By Noah Feldman
Can Twitter Inc. lawfully block racists’ accounts? That’s the question posed in a lawsuit filed last week by Jared Taylor and his New Century Foundation, an organization that, according to the Southern Poverty Law Center, “purports to show the inferiority of blacks to whites.”
The case goes to the very nature of speech on social media platforms. Taylor’s lawyers are arguing that Twitter is a virtual public square in which the First Amendment should apply. If that were so, not only Twitter but all social media would become subject to constitutional norms that usually only prohibit the government from restricting speech. The online world as we know it would be radically transformed. Social media sites would be unable to curb some of the most vile and dangerous postings.
Spoiler alert: I think Taylor is wrong, and that he will lose. Twitter isn’t a true public square. It’s a privately operated platform with all sorts of rules about what can and can’t be said there.
But unlike his racist beliefs, Taylor’s legal argument isn’t completely crazy. It’s based on a real U.S. Supreme Court precedent, one that everyone interested in government and social media should know about.
The case, decided in 1980, is Pruneyard Shopping Center v. Robins. Like the Twitter case, it came out of California, and obliquely involves charges of racism.
The Pruneyard was, and is, a mall in Campbell, California. A group of students set up a table there seeking signatures on a petition that protested the notorious 1975 United Nations resolution declaring Zionism to be “a form of racism.”
The mall had a policy that prohibited public expressive activity for anything other than the mall’s commercial purposes. It prohibited the kids from gathering signatures for their petition. So the students went to court.
The California Supreme Court held that state constitution protected free speech in shopping malls. The court interpreted its own constitution to protect rights that would not be recognized under the First Amendment to the U.S. Constitution, which is usually said to apply only to government action — and whose express language applies only to Congress.
In a moment when conservative justices were inclined toward states’ rights and liberal justices toward an expansive understanding of free speech, the U.S. Supreme Court held that California was entitled to adopt the rule extending free speech to private shopping malls. Although there were numerous concurrences, there were no dissents.
In essence, the justices said that California was free to extend free speech beyond the limits of the First Amendment. The court held that the California rule didn’t take away the mall’s property rights.
Crucially, the Supreme Court said that the mall’s First Amendment rights weren’t abridged, because no one would associate pamphlets or petitions in the mall with the mall owners’ point of view, and with the mall owners themselves being compelled to say anything they didn’t want to say.
Taylor argues that the Pruneyard precedent means the California courts can and should treat Twitter as a private shopping mall. As malls were the public square of the 1980s, runs the argument, so the internet and social media platforms are today’s public square.
Taylor’s legal filing also repeatedly quotes the Supreme Court’s 2017 decision in Packingham v. North Carolina in which Justice Anthony Kennedy, in full rhetorical mode, referred to the internet as “the modern public square.”
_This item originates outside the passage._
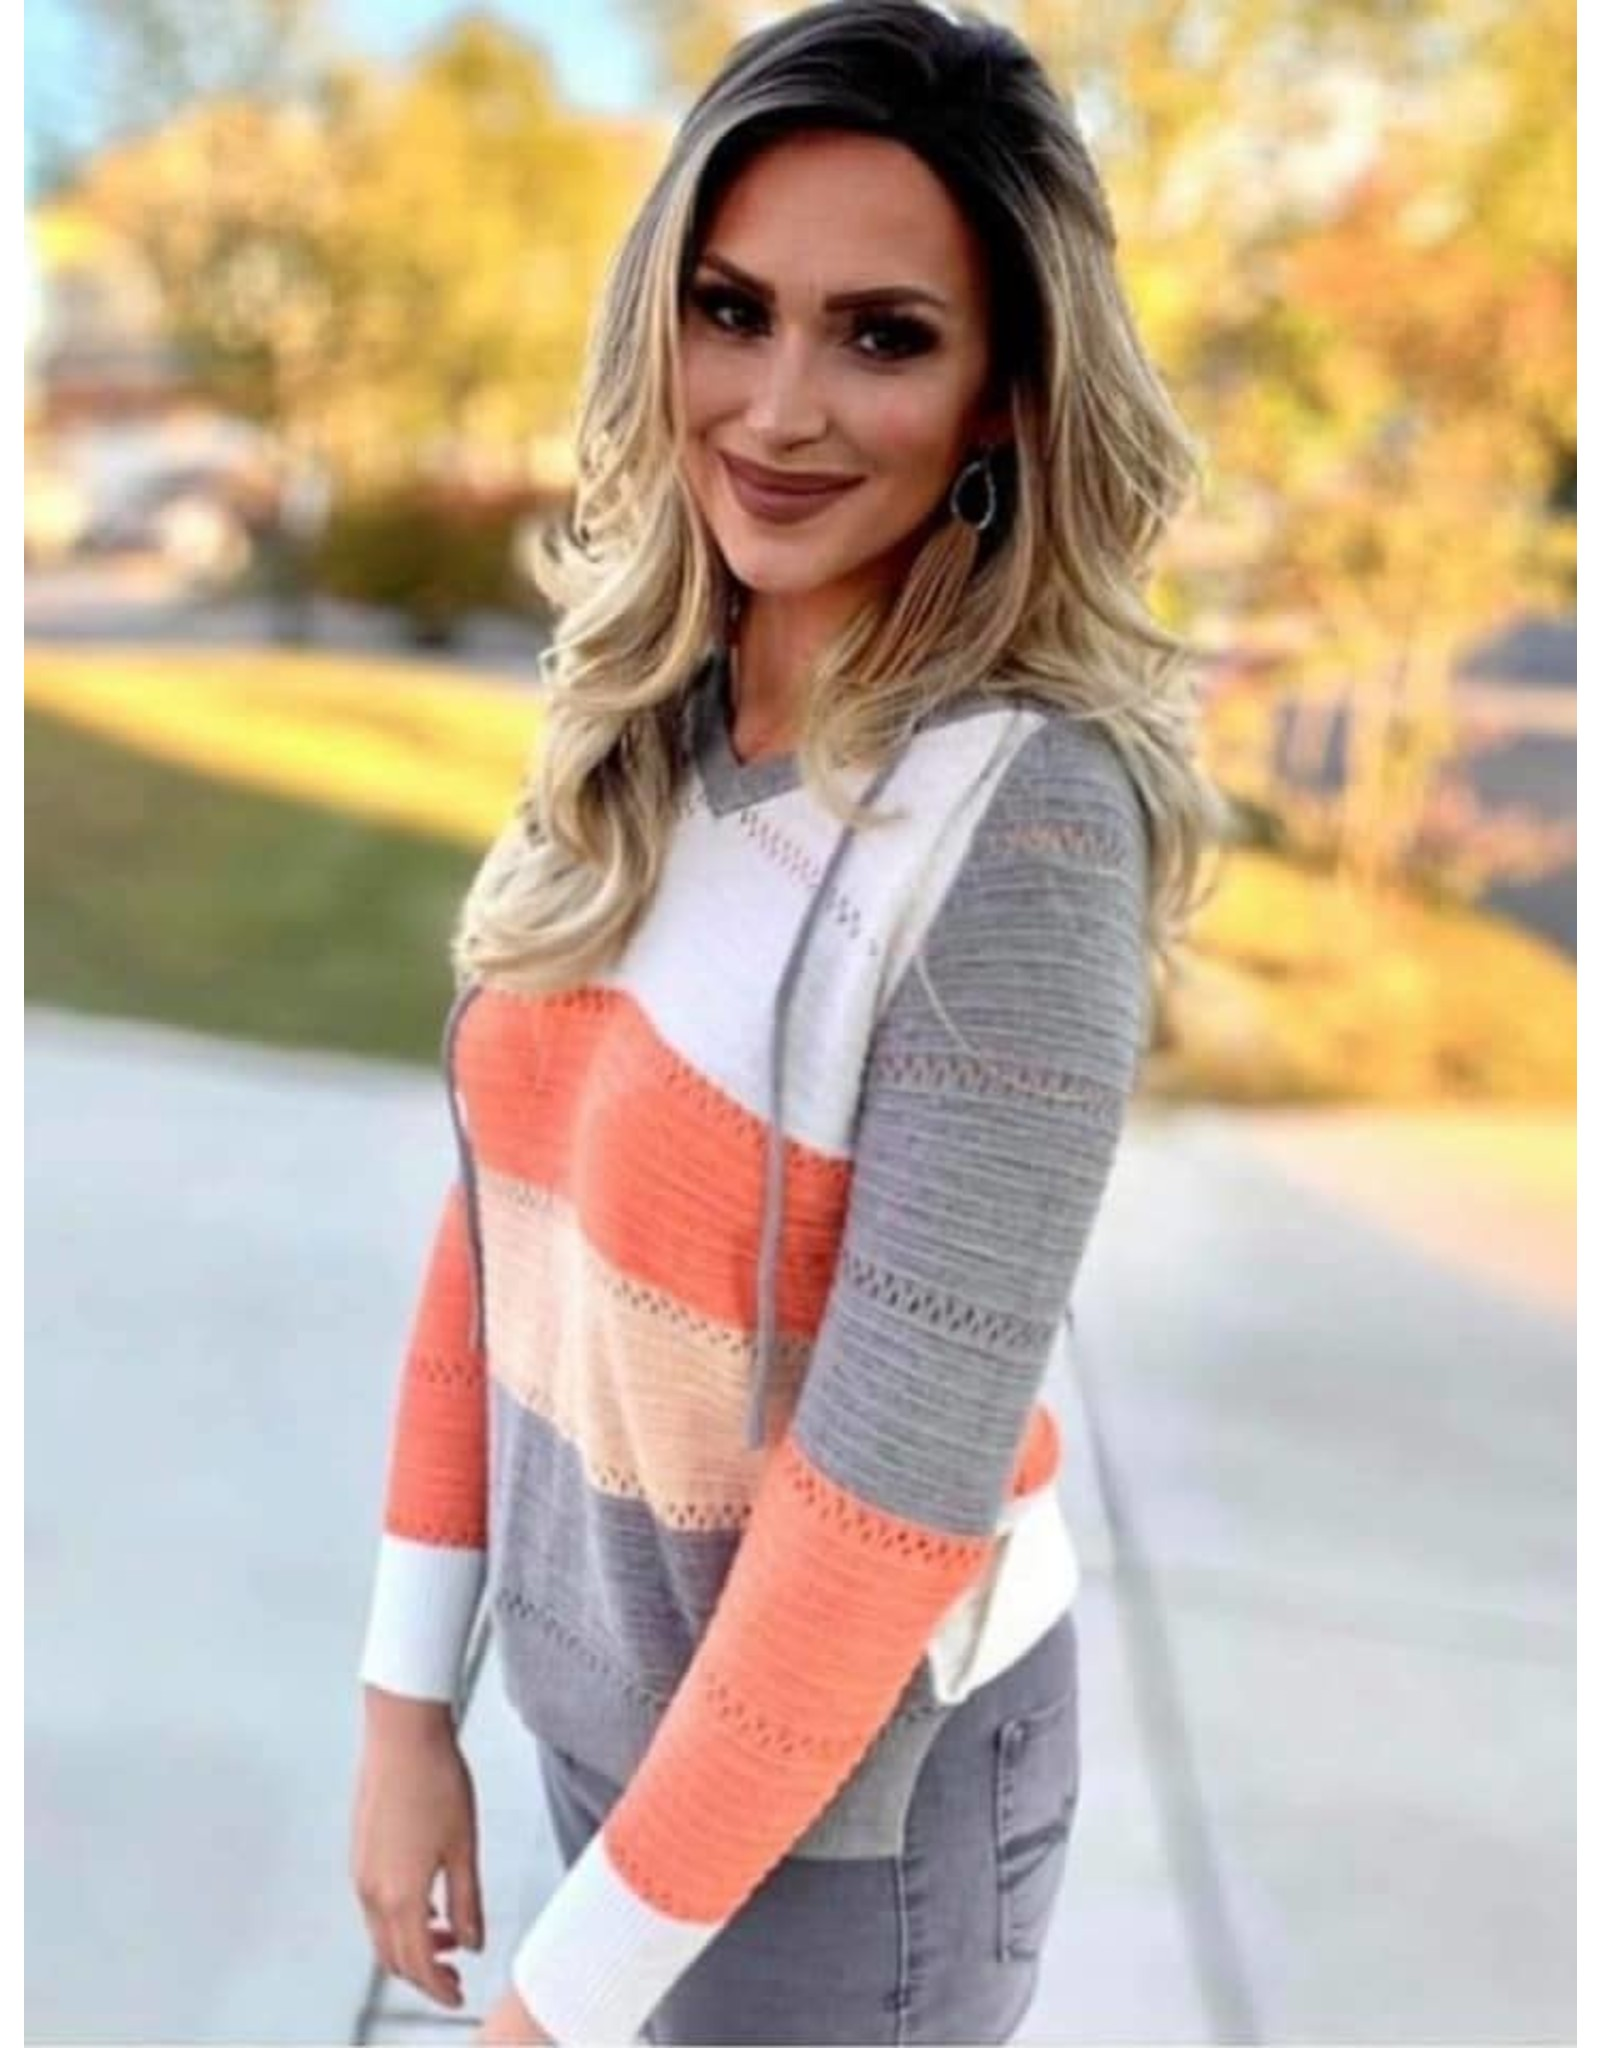 Kelly Hooded Sweater
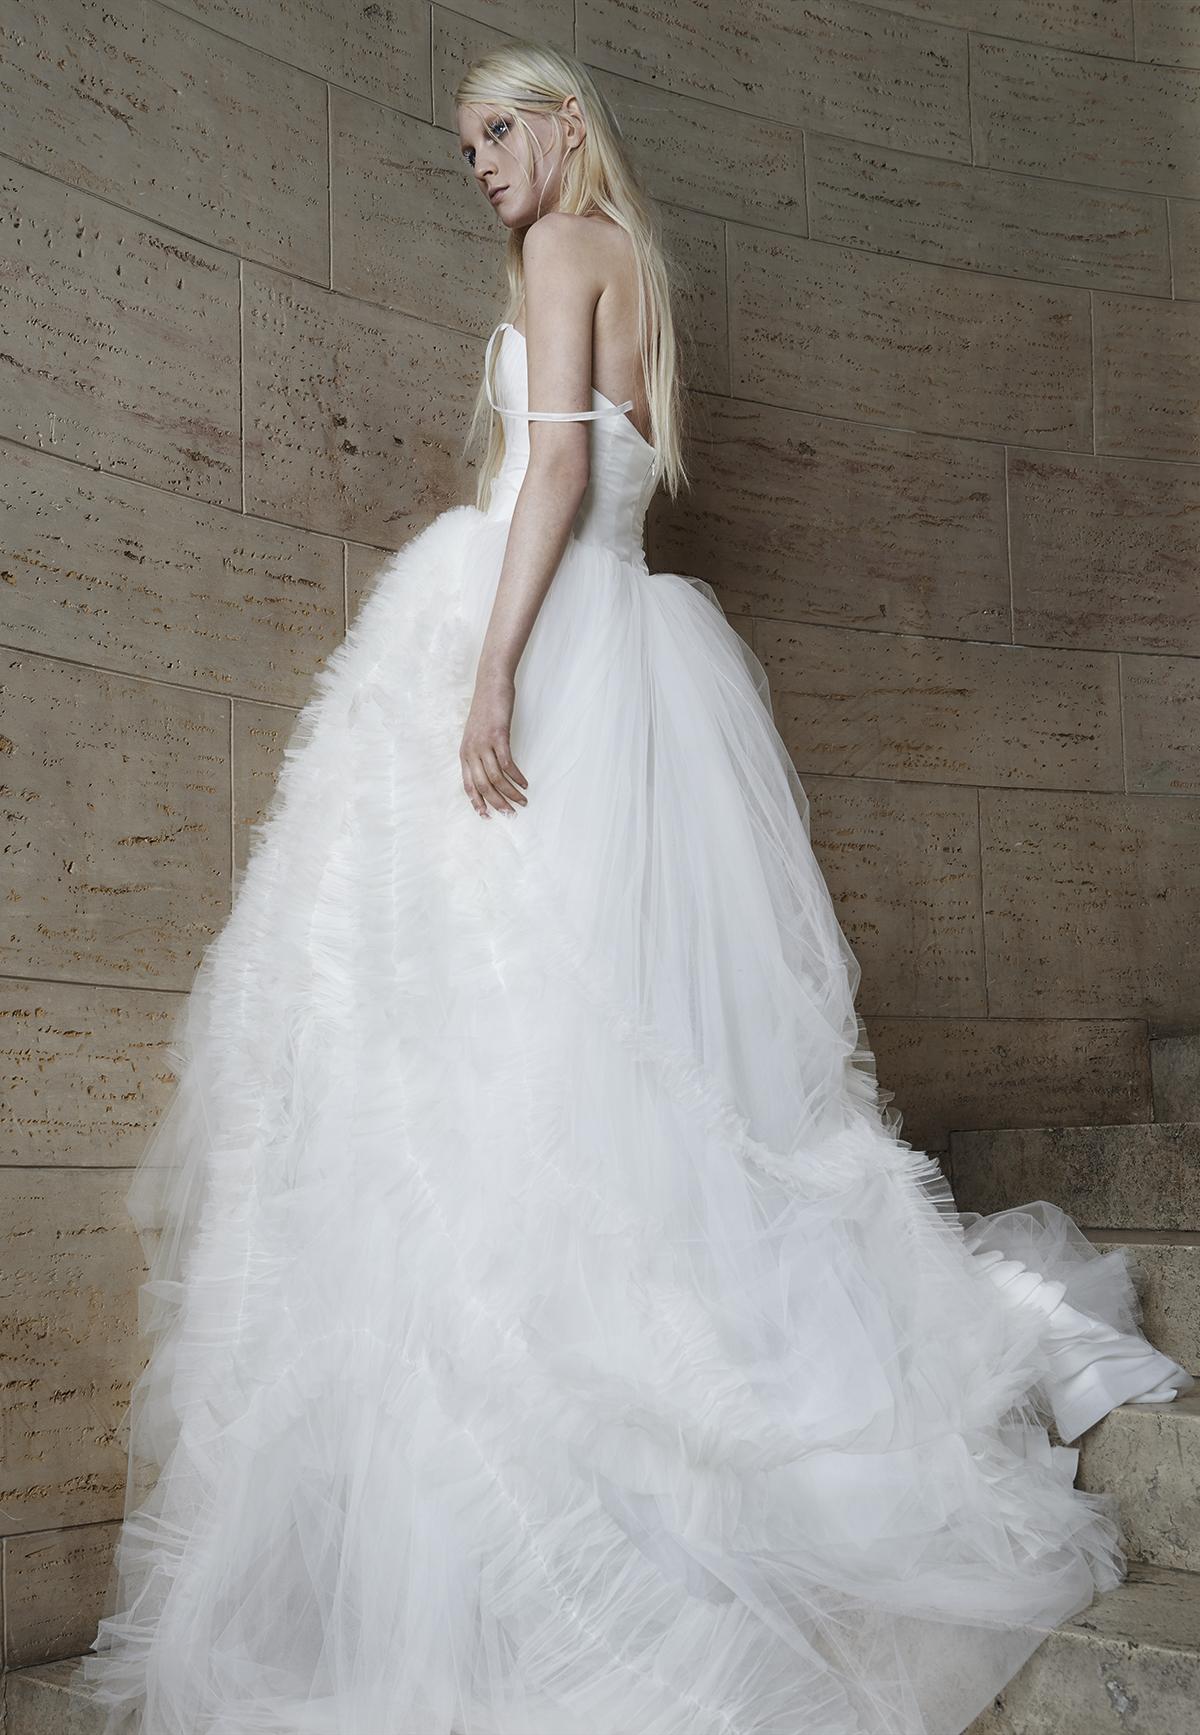 vera wang wedding dresses photo - 1

The Pruneyard case may not be good law today. The Supreme Court’s conceptions of what counts as speech and of the right to free association have evolved since 1980. Today, the mall could probably argue that it did not want to associate itself with any noncommercial politics of any kind. And under the Citizens United rule, a corporation has the same free speech rights as an individual.
But even assuming that the Pruneyard case should control the outcome here, Twitter isn’t a shopping mall that opens itself to the public in the hopes that people will buy. It’s a platform designed to deliver speech. What is allowed on the platform is itself a form of expression — Twitter’s expression.
If California forced Twitter to allow racist content, that decision would likely be attributed to Twitter, as people had the experience of encountering racist content there.
True, no one thinks that Twitter is doing the talking when individuals tweet from their own accounts. But we do understand that the platform has rules that are intended to express its own political values.
Those rules include principles of civility, which don’t necessarily have to do with the users’ viewpoint. But Twitter also bans violent extremism, which is a political viewpoint. Thus, Twitter is taking a position on what political discourse it wants to permit.
In that position is itself a political viewpoint, very close to the purpose of the First Amendment.
There are many more details to be explored here. But the bottom line is that it would be a legal mistake for the California courts to treat the Pruneyard case as a basis for turning social media platforms into free-speech zones.
It would also have the effect of blocking essentially all social media sites from setting rules for content what may be said by users. In the guise of free speech, the California courts would be taking control of online rules. That’s judicial overreach, and whatever the California courts do, the federal courts are very unlikely to allow it.
Noah Feldman is a Bloomberg View columnist. He is a professor of constitutional and international law at Harvard University and was a clerk to U.S. Supreme Court Justice David Souter. This column does not necessarily reflect the opinion of Minnesota Lawyer, the Bloomberg View editorial board or Bloomberg LP and its owners.